DEV Community

loading...

Discussion on: Comparing the same web scraper in Haskell, Python, Go

Collapse
smunix profile image
Providence Salumu

A Haskell one-liner:

(toListOf $ responseBody . to (decodeUtf8with lenientDecode) . html . allAttribute (folded . only "recentcomments") . children) <$> (get "https://fakenous.net")
Collapse
yujiri8 profile image
Ryan Westlund Author

Can you give some context for this? When I plug it in, even with all the imports I used, almost everything in there is undefined.

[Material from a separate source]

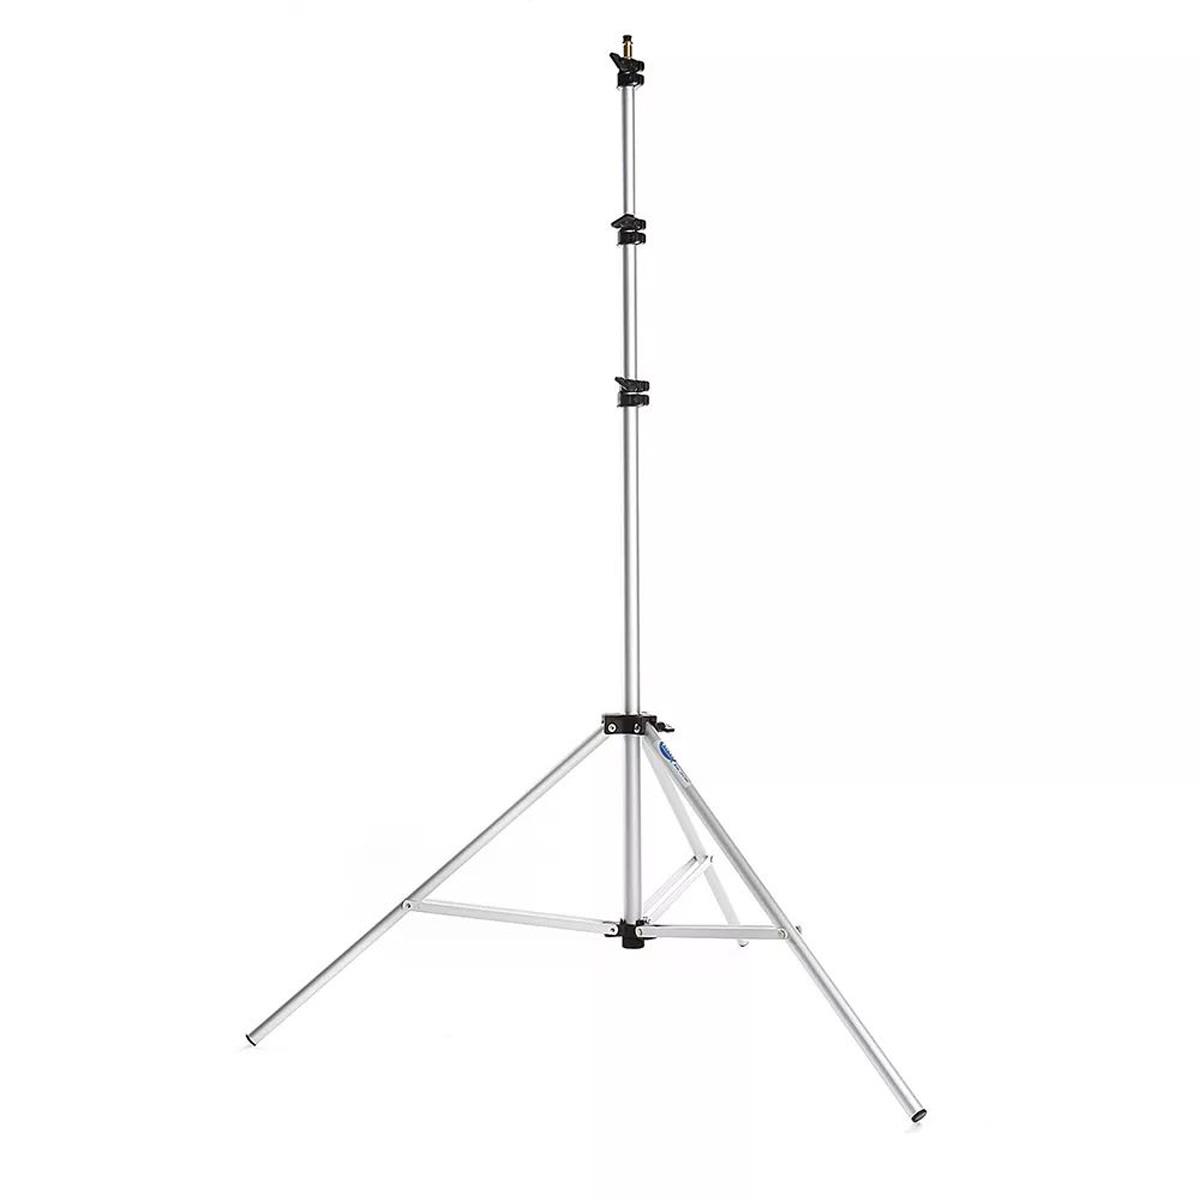 Savage 10' Four-Section Heavy Duty Air- Cushioned Light Stand - Black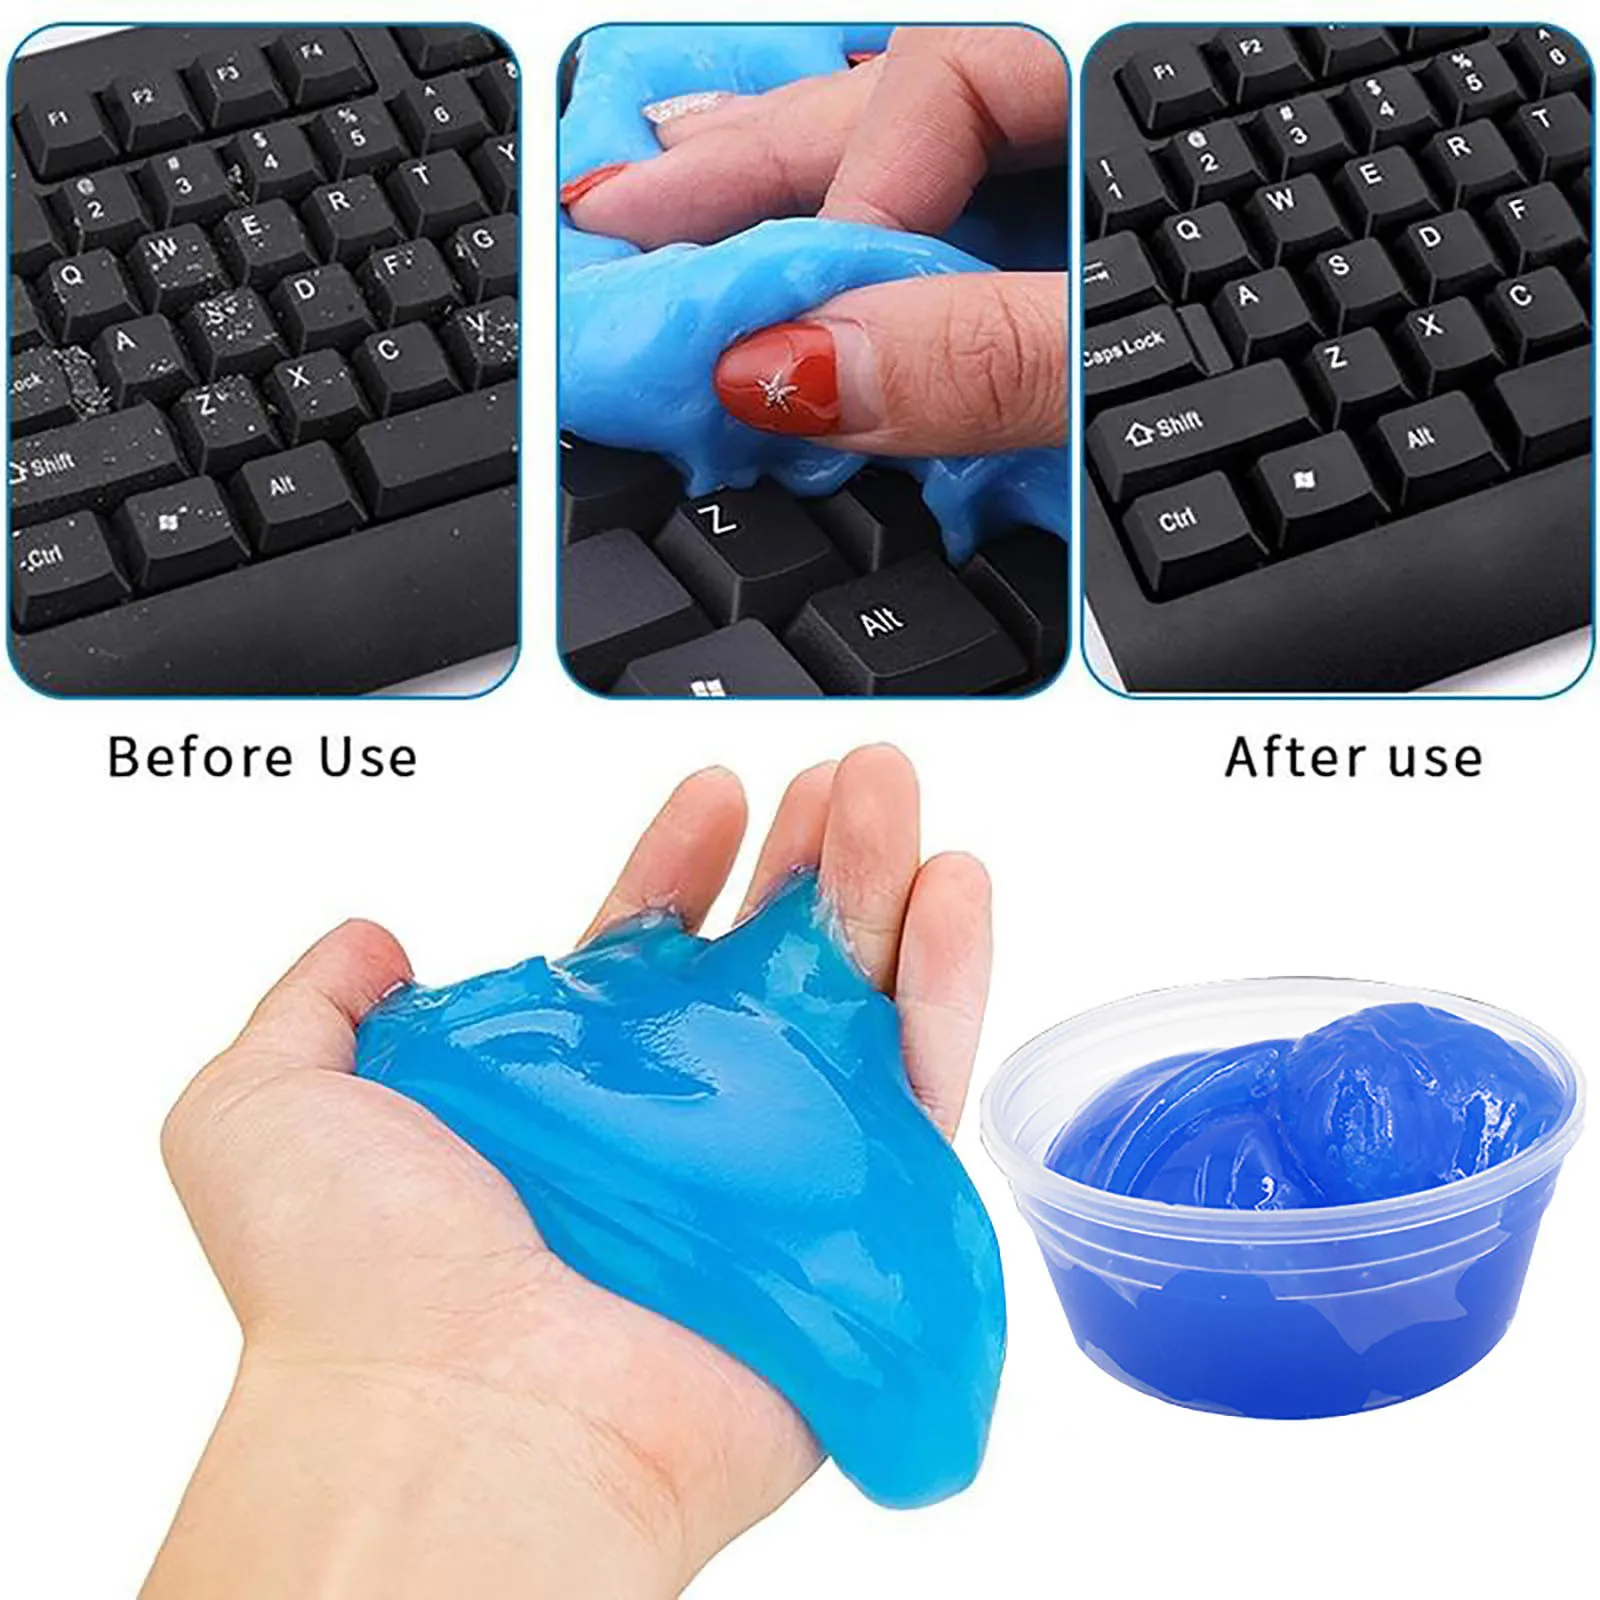 best car wax 50g Car Interior Cleaning Glue Slimes For Cleaning Air Vent Magic Dust Remover Gel Care Computer Keyboard Slime Cleaner Gel car wash water

I'm ready with the full version that does the saving and emailing me for all three languages, but I'm holding off on posting now because I don't want to finalize if the Haskell can be improved by that much.

Collapse
smunix profile image
Providence Salumu

Apologies, I should have thought of this earlier. Anyway, adding more details:

-- file : Main.hs
{-# LANGUAGE OverloadedStrings #-}

module Main where

import Control.Lens (to, only, toListOf, folded)
import Data.Text.Encoding.Error (lenientDecode)
import Data.Text.Lazy.Encoding (decodeUtf8With)
import Network.Wreq (responseBody, get)
import Text.Taggy.Lens (html, children, allAttributed)

main = (toListOf $ responseBody . to (decodeUtf8With lenientDecode) . html . allAttributed (folded . only "recentcomments") . children) <$> (get "https://fakenous.net") >>= print 

The dependencies can be put in a dev-to.cabal file:

-- dev-to.cabal
cabal-version:       2.4
name:                dev-to
version:             0.1.0.0
license-file:        LICENSE
author:              Providence Salumu
maintainer:          Providence <dot> Salumu <at> smunix <dot> com
extra-source-files:  CHANGELOG.md

executable dev-to
  main-is:             Main.hs
  build-depends:       base ^>=4.13.0.0
                     , lens
                     , bytestring
                     , http-client
                     , text
                     , taggy
                     , taggy-lens
                     , wreq
  default-language:    Haskell2010

Doing the saving and emailing you would be a simpler addition.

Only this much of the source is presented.